About this task: Any picture must be dropped, but each line of the data should be duplicated exactly.
(Given material begins)
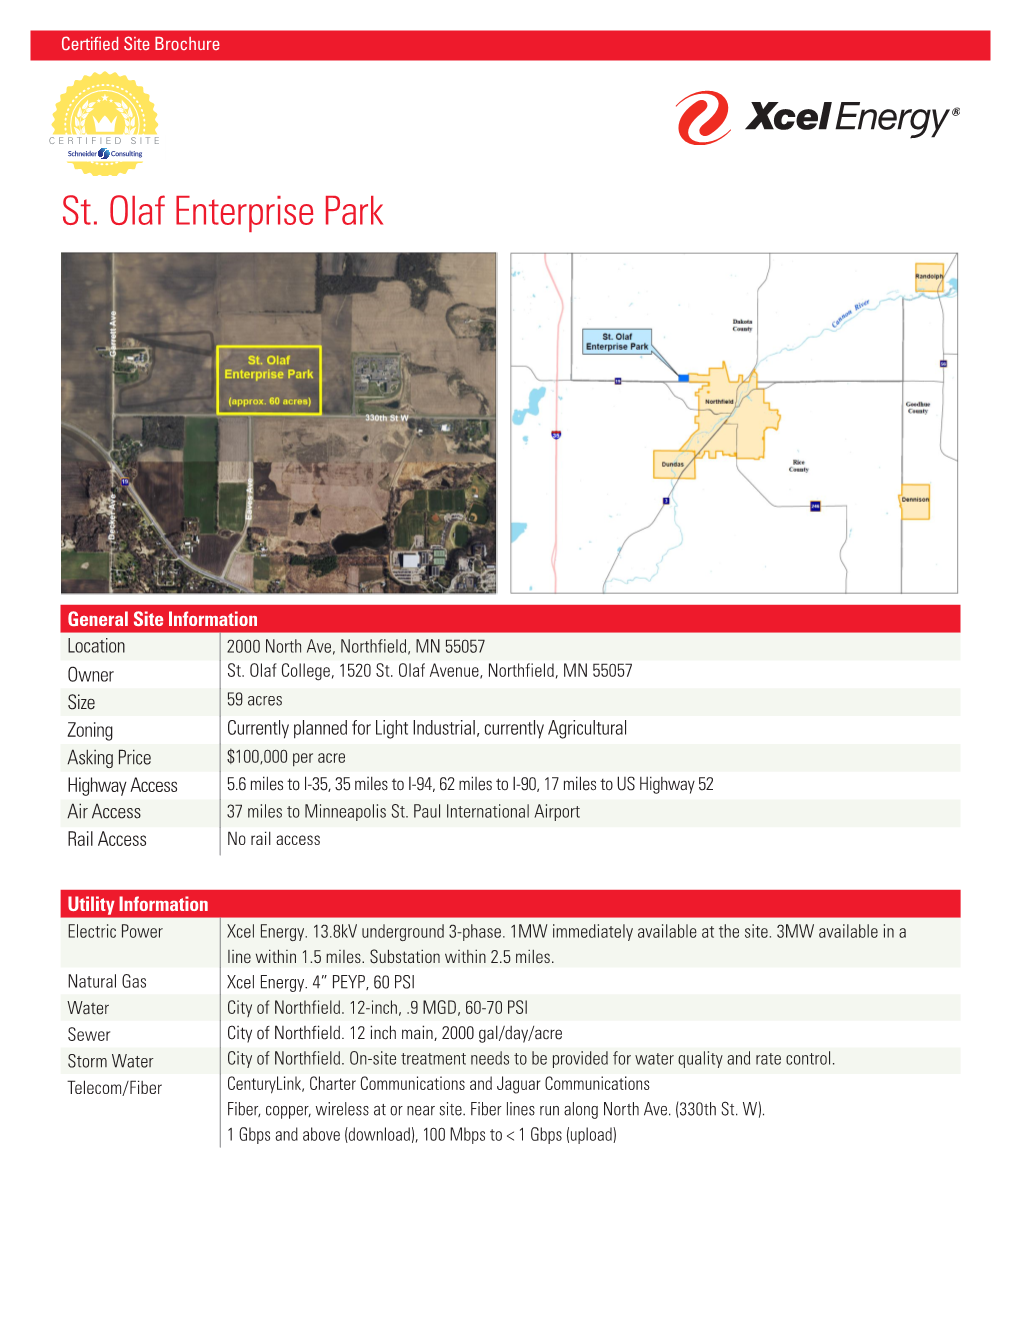 St. Olaf Enterprise Park
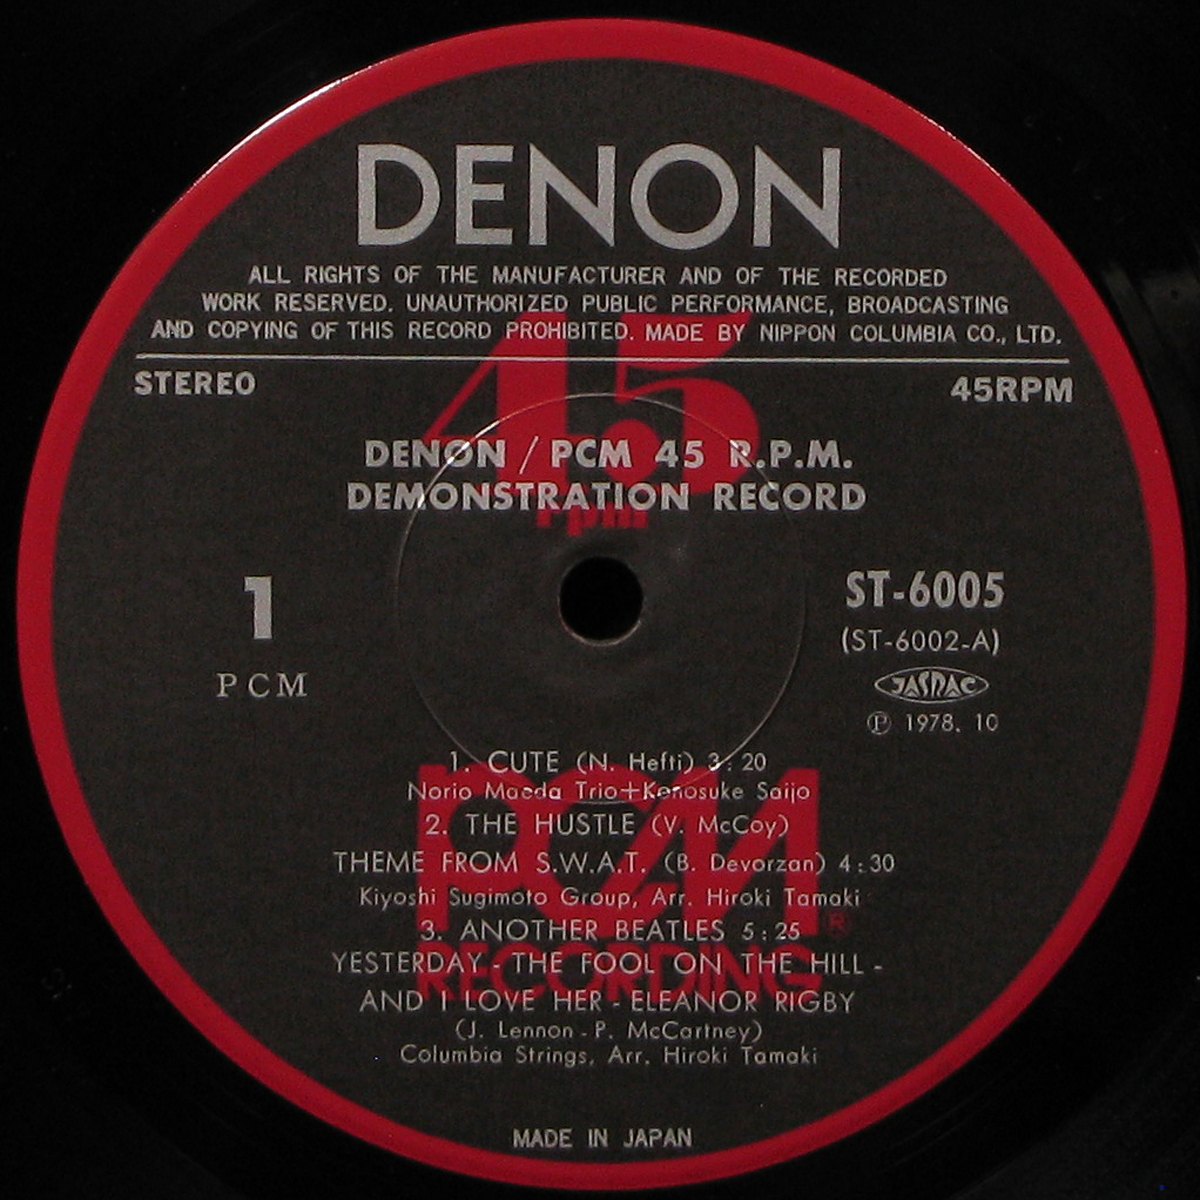 Тестовая Пластинка Demonstration Record - Denon / PCM Recording - 45 R.P.M.  фото 4
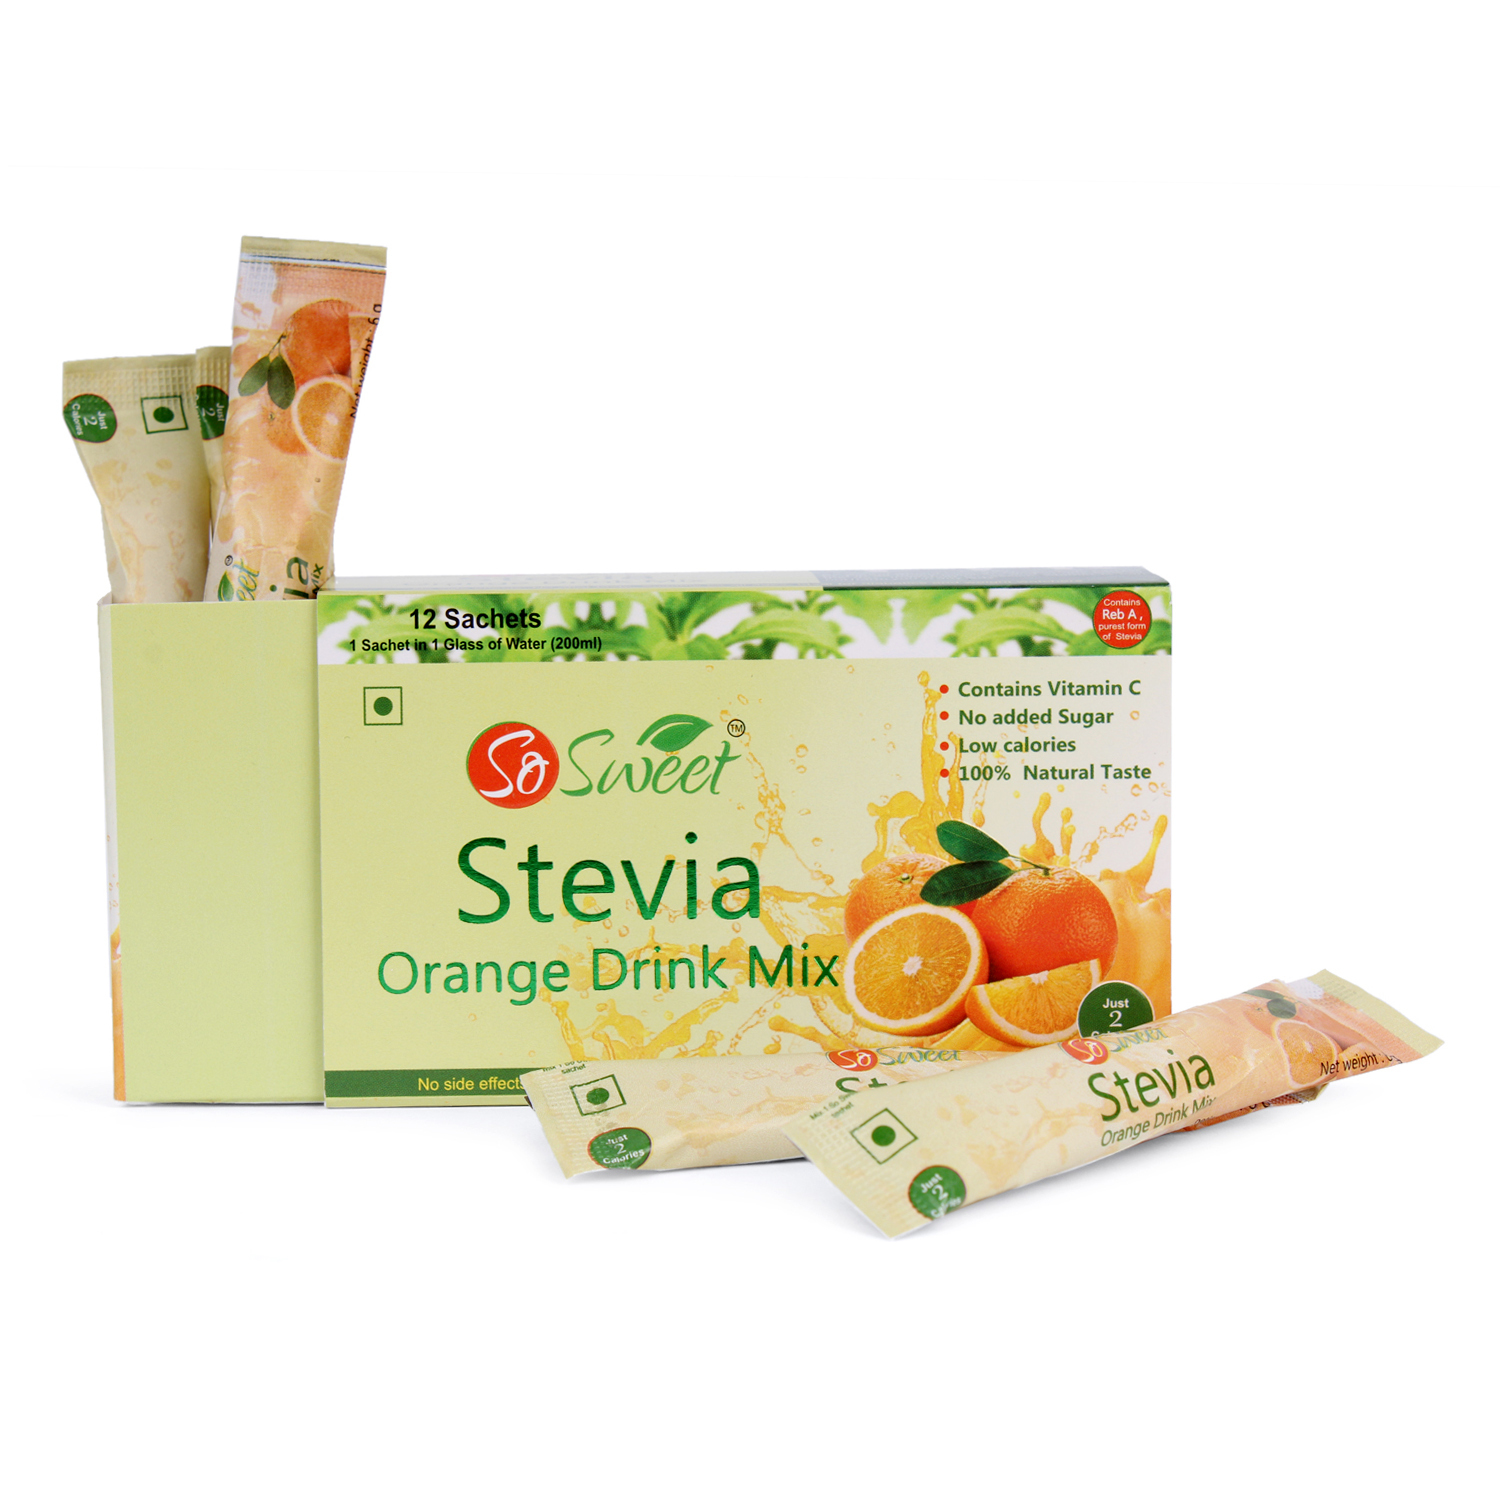 So Sweet Stevia Orange Drink Mix 12 sachets
(Given material ends)
Response below:
 St. Olaf Enterprise Park
 Тестовая Пластинка Demonstration Record - Denon / PCM Recording - 45 R.P.M.  фото 4
 So Sweet Stevia Orange Drink Mix 12 sachets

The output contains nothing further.